International Financial Institutions

World leaders returned home on Sept. 26 after backing a new vision for economic governance, with bold plans to fix global imbalances and give more clout to emerging giants such as China and India. They left the G20 summit in Pittsburgh with agreement to give developing countries greater voting rights at two major financial institutions - the IMF and the World Bank. The Washington Post reports the move increases developing nations' quota of representation shares by 5 percent at the IMF and 3 percent at the World Bank. Reforming the structure of those institutions is key to helping prevent future crisis, said Former IMF Chief Economist Simon Johnson. Countries such as China, South Korea and Japan began building huge reserves in the wake of the Asian financial crisis in the 1990s and their bad experiences with the IMF. "They have to believe in the IMF so they don't build huge reserves," Johnson said.

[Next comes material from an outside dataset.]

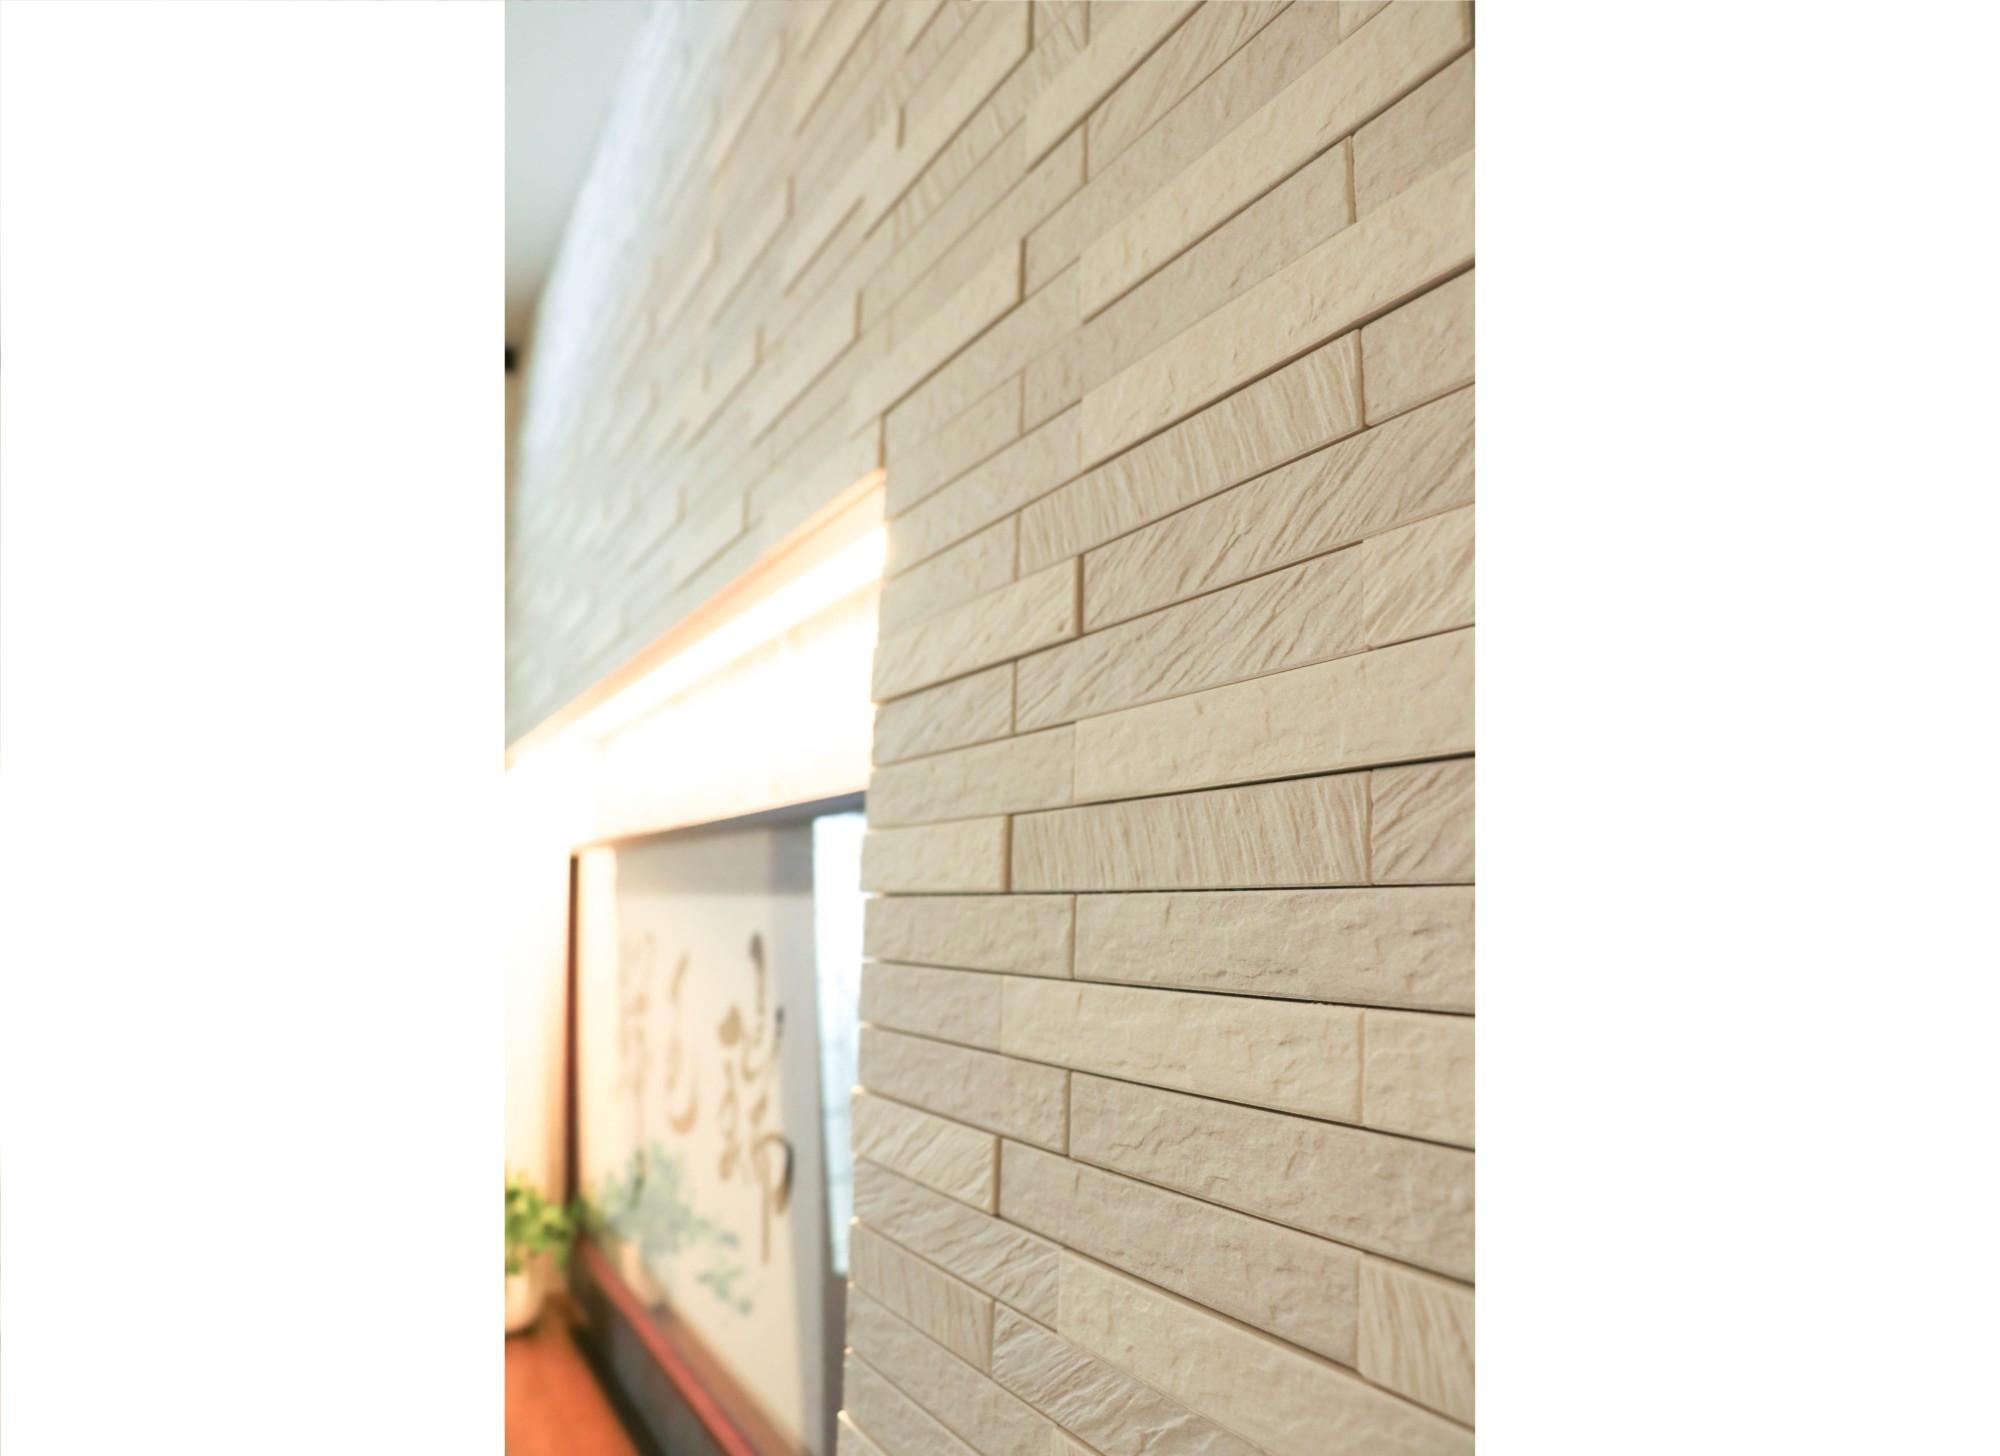 佐賀市高木瀬東 M様 内装改修工事『お気に入りに囲まれたシンプル和モダン空間』
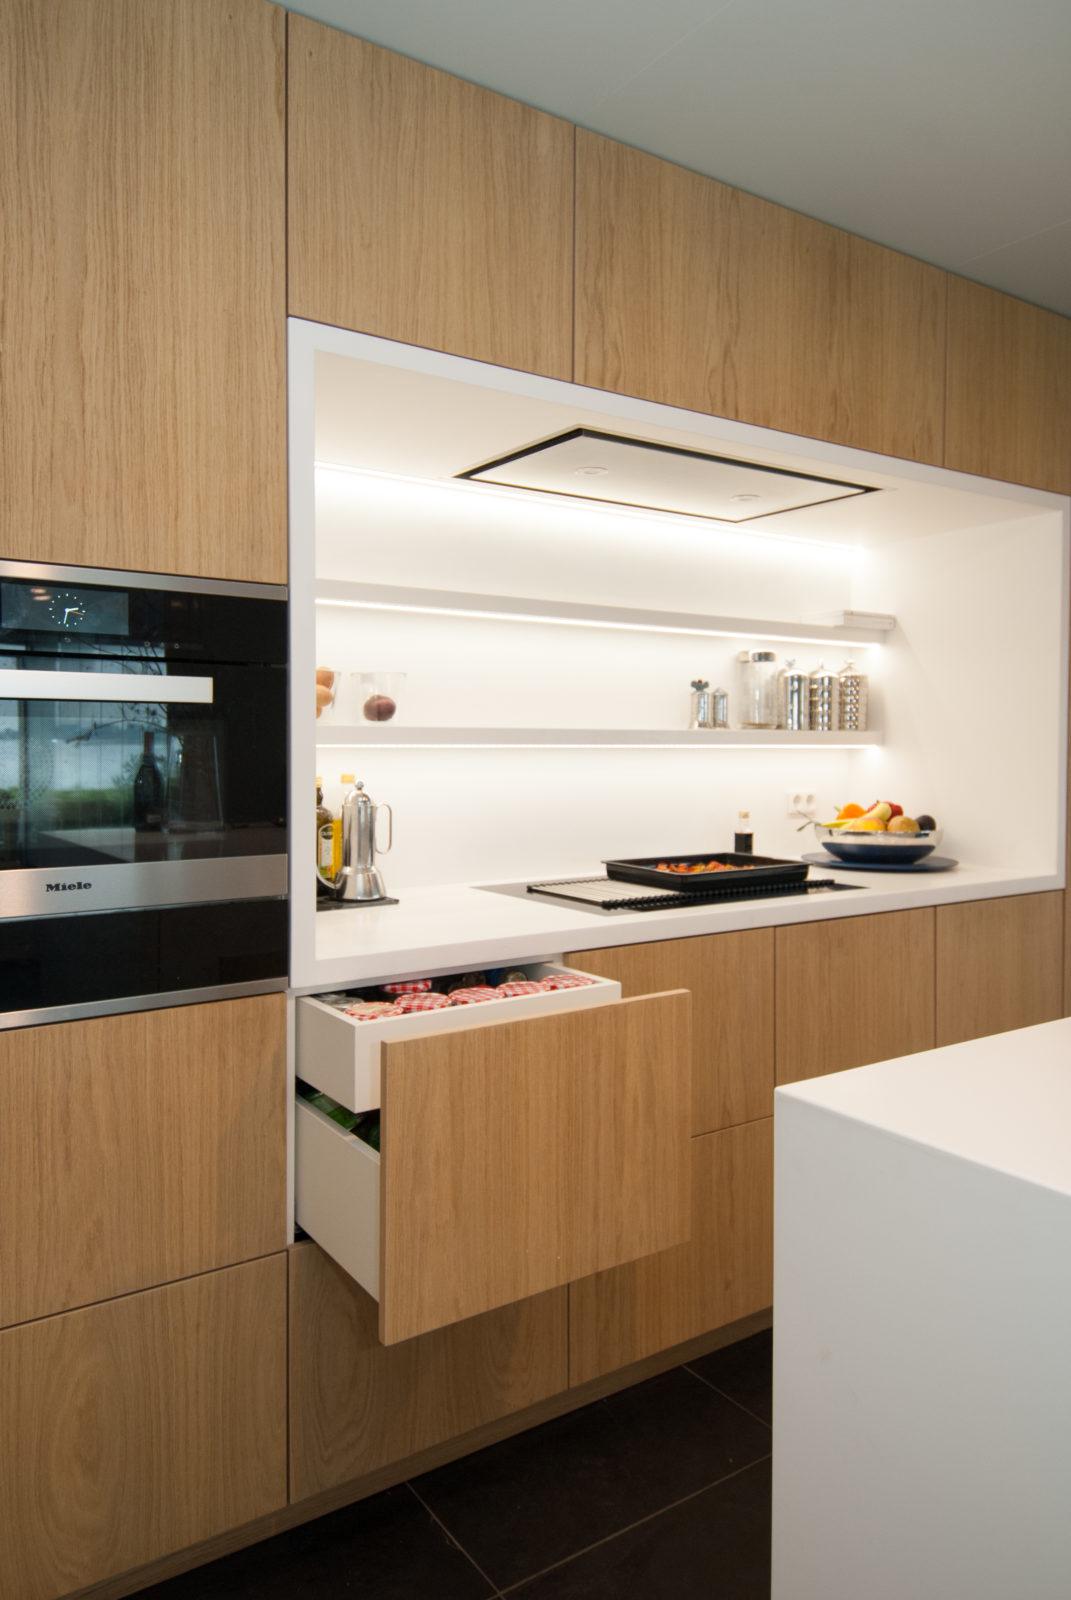 interieurbouw noteboom - keuken eiken met witte nis

Developing countries will need as much as USD 100 billion per year until 2050 to adapt to climate change, an amount that would nearly double current foreign aid flows from developed nations, Bloomberg reported the World Bank said. Poorer nations need between USD 75 billion and USD 100 billion annually to "enjoy the same level of welfare in the future world as they would have without climate change," the World Bank said in a report released in Bangkok. Rich countries gave a record USD 119.8 billion in aid last year, according to the OECD. "The World Bank study makes plain that taking action in favor of adaptation now can result in future savings and reduce unacceptable risks," Bert Koenders, the Netherlands' minister for Development Cooperation, said in a statement. "At this point, the costs this will entail can still be borne by the international community."